我有一个像这样的数据框:
df
col1 col2 col3 col4
1 2 P Q
4 2 R S
5 3 P R
我想创建一个函数,该函数使用col3和col4值的输入返回col1和col2值,
例如,如果函数为f,则f([P,Q])的输出将类似于:
col1 col2
1 2
如何使用熊猫以最有效的方式做到这一点?
答案 0 :(得分:3)
如果需要最有效的方法比较numpy数组:
def f(a, b):
#pandas 0.24+
mask = (df['col3'].to_numpy() == a) & (df['col4'].to_numpy() == b)
#all pandas versions yet
#mask = (df['col3'].values == a) & (df['col4'].values == b)

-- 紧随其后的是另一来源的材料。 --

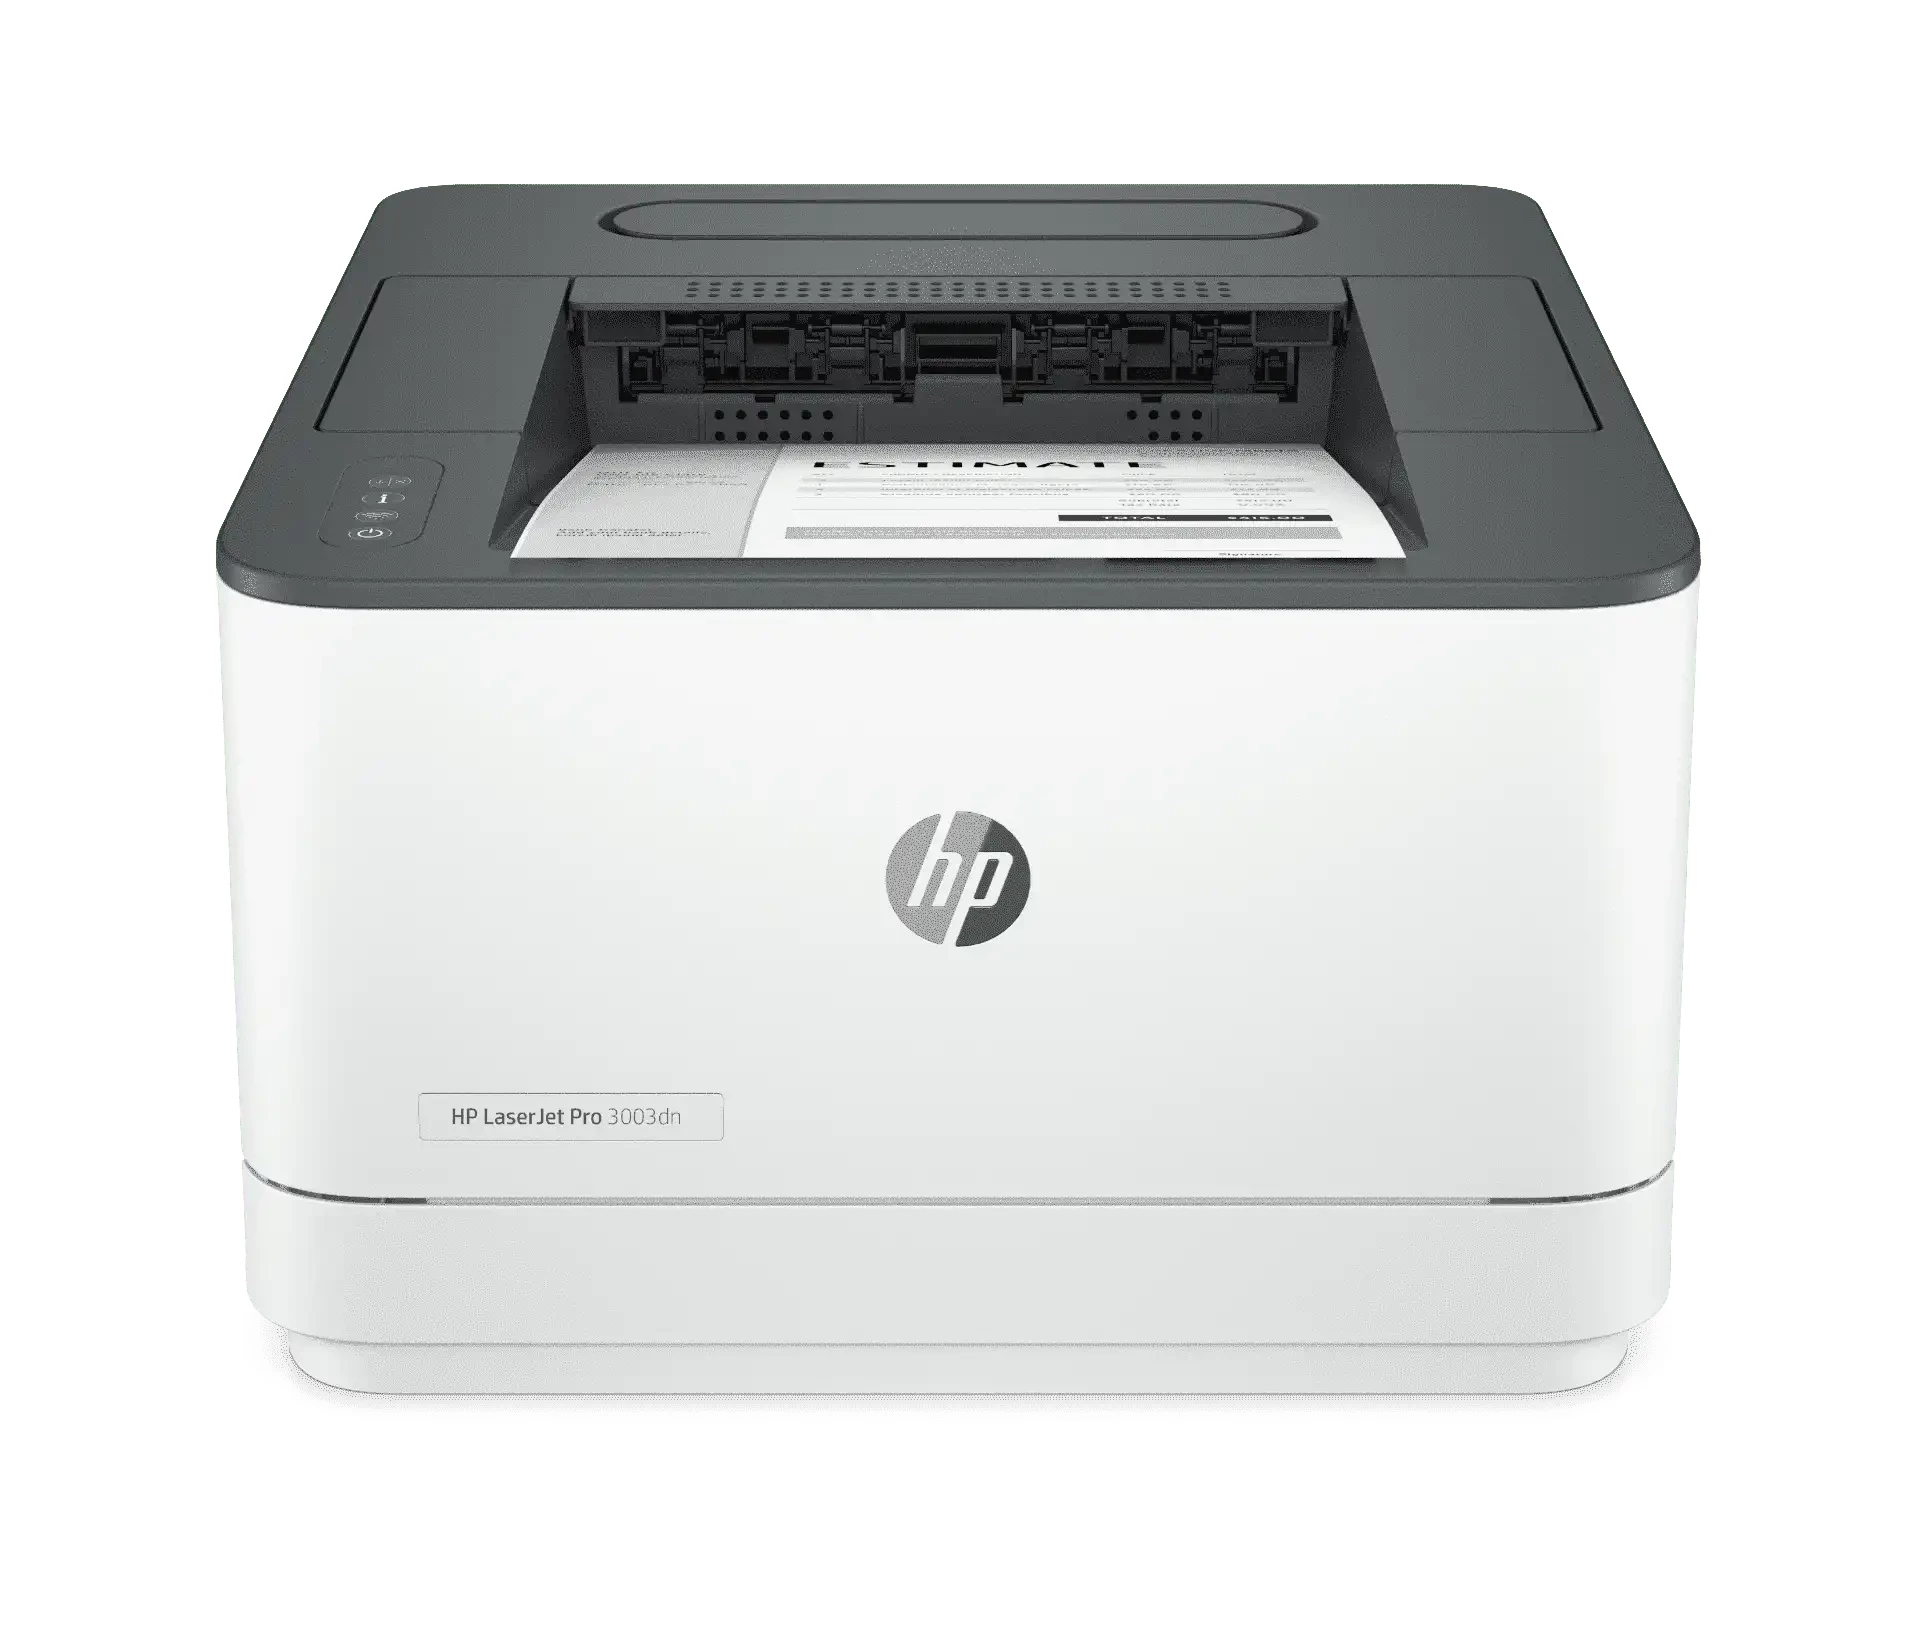 HP LaserJet Pro 3003dn 鐳射打印機 #3G653A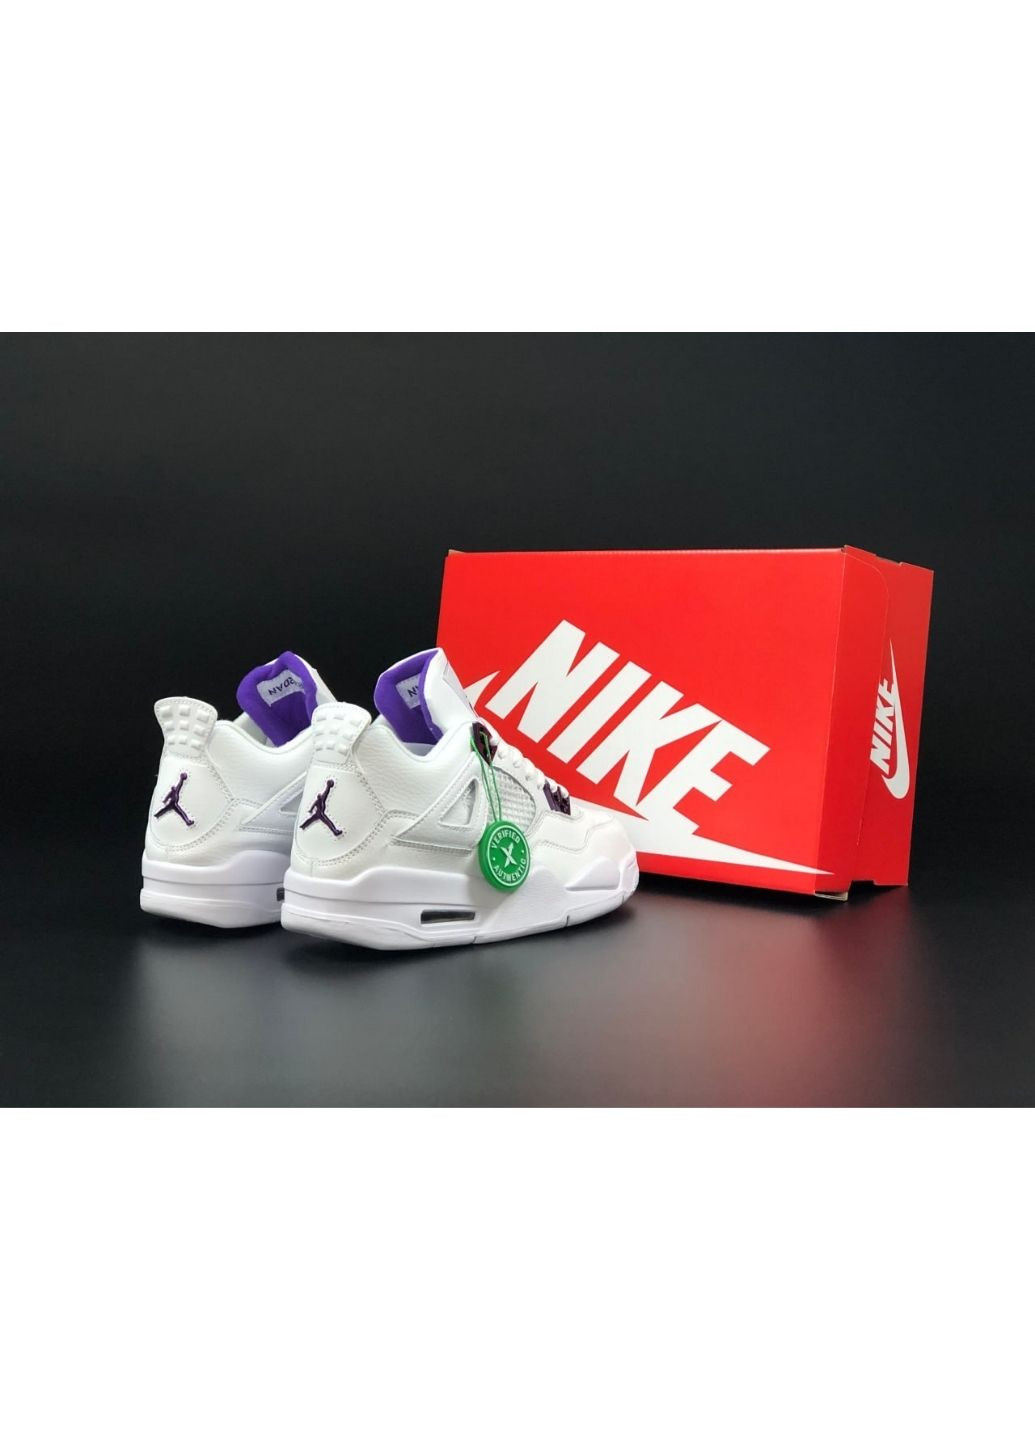 Белые демисезонные женские кроссовки белые с фиолетовым «no name» Nike Air Jordan 4 Retro

return df.loc[mask, ['col1','col2']]
性能:取决于数据,行数,匹配的行数,但是通常此处比较1d numpy数组的速度更快:
np.random.seed(123)
N = 10000
L = list('PQRSTU')
df = pd.DataFrame({'col1': np.random.randint(10, size=N),
'col2': np.random.randint(10, size=N),
'col3': np.random.choice(L, N),
'col4': np.random.choice(L, N)})
print (df)
def f(a, b):
#pandas 0.24+
mask = (df['col3'].to_numpy() == a) & (df['col4'].to_numpy() == b)
#all pandas versions yet
#mask = (df['col3'].values == a) & (df['col4'].values == b)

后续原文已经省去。